2. Go to your room for a time out
Of course, IC has perfected the much-loved, teenager eye roll and head shake. IC is also the Queen of time outs and thinks you’re obviously a very dumb parent (as are all parents of teenagers according to any teenager I’ve ever met). Thanks to the wonderful world of disassociation this is not much of a threat. She will thank you and grab a snack on the way to enjoy some alone time away from thoroughly annoying parents.

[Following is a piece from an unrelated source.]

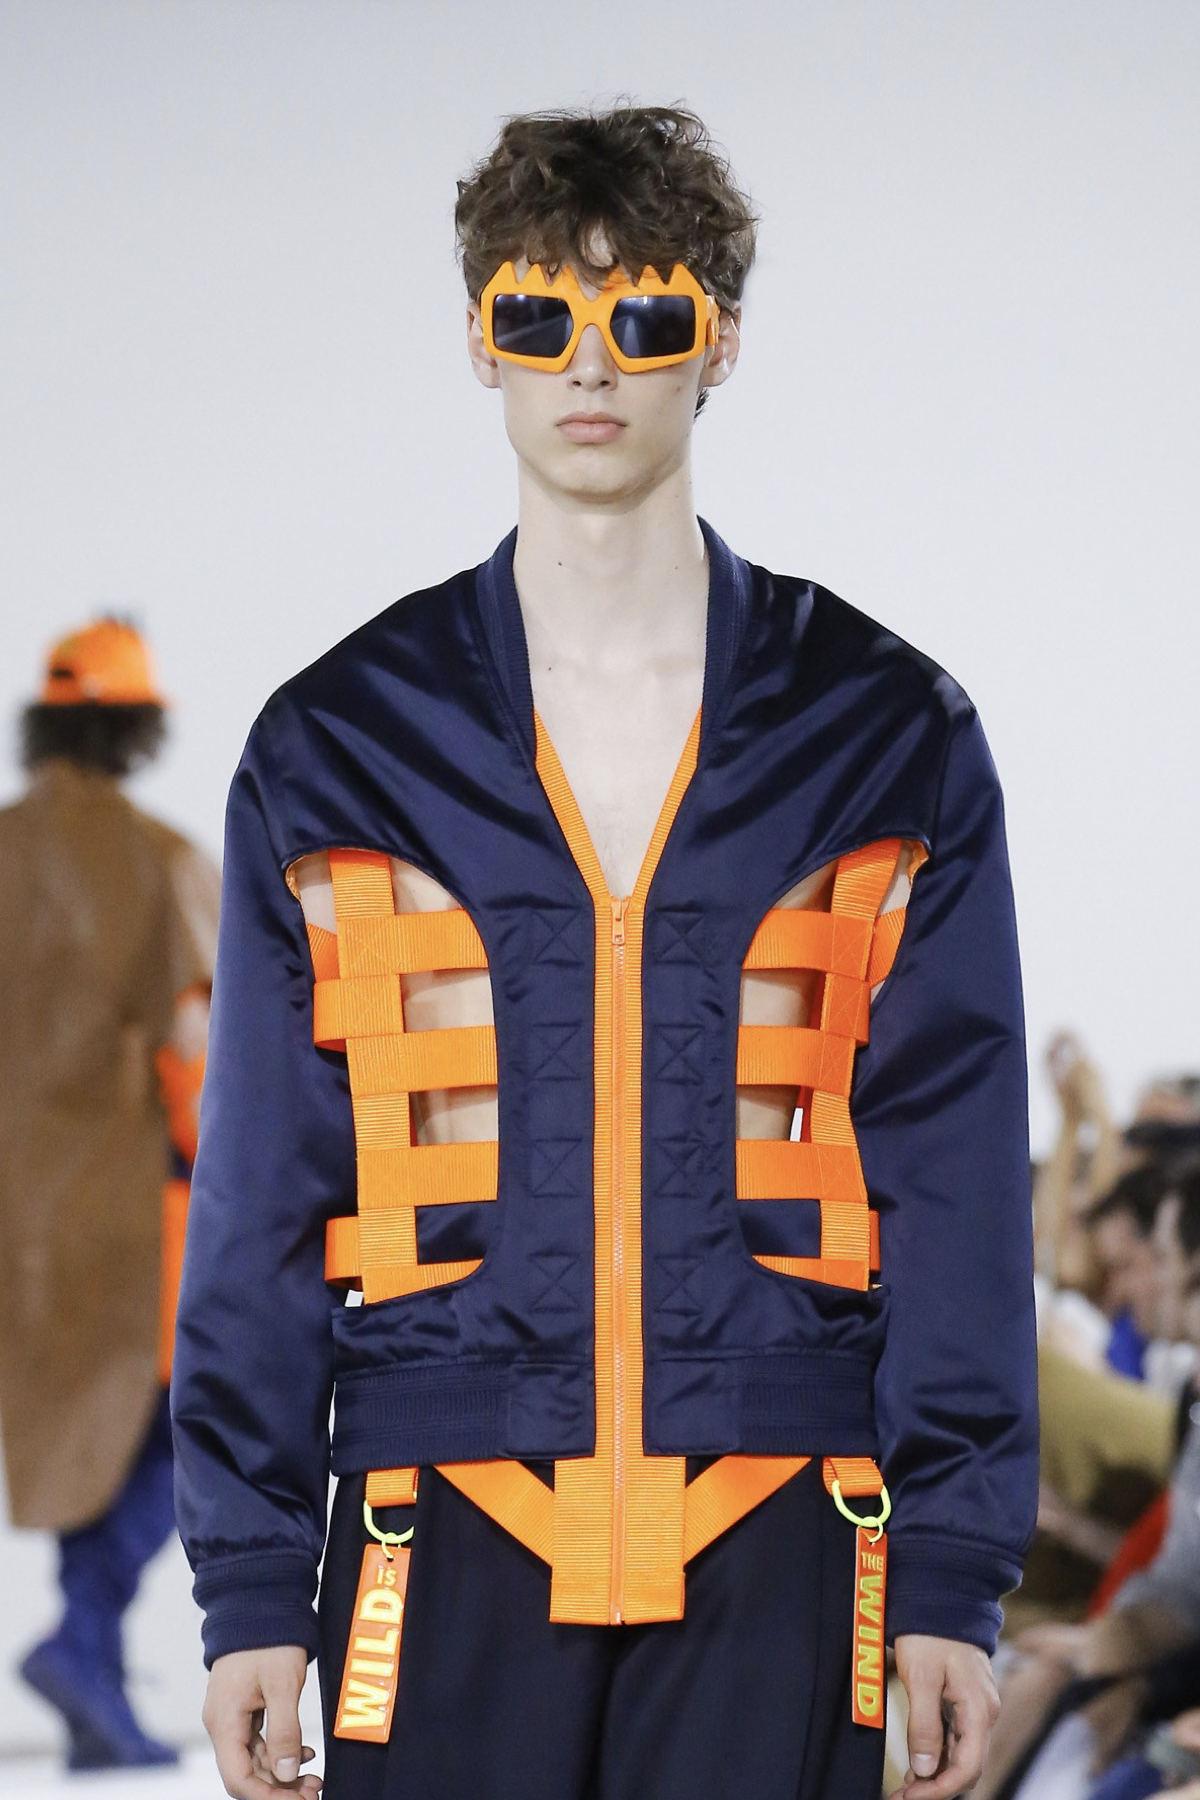 FAKBYFAK x Walter Van Beirendonck  Bliksem Sunglasses. Neon Orange Code: FBF-09-13-08

3. Finish your homework before you go out to play
IC does what she wants when she wants. If there is a way to procrastinate doing any kind of work, she will find it. Important activities such as clipping toenails, surfing the internet for anything new and improved, staring into space, and counting the number of tiles on the kitchen floor are all much more important than any adult responsibilities. The biggest victims of this mood are work, personal hygiene, and house cleaning. So now, not only do you have the guilt and frustration of trying to get moving, but you also stink and have no money. She couldn’t be happier and slyly grins as she wipes orange, Cheetos-soaked fingers on the couch as she scours the internet for pictures of cats.
On the other hand, there are three simple things that you can say to both your children and your inner child: I love you; I’ve got you; I’m here. Three simple lines that are so not simple. It’s hard work and takes a boatload of courage but remember, I love you; I’ve got you and I’m here.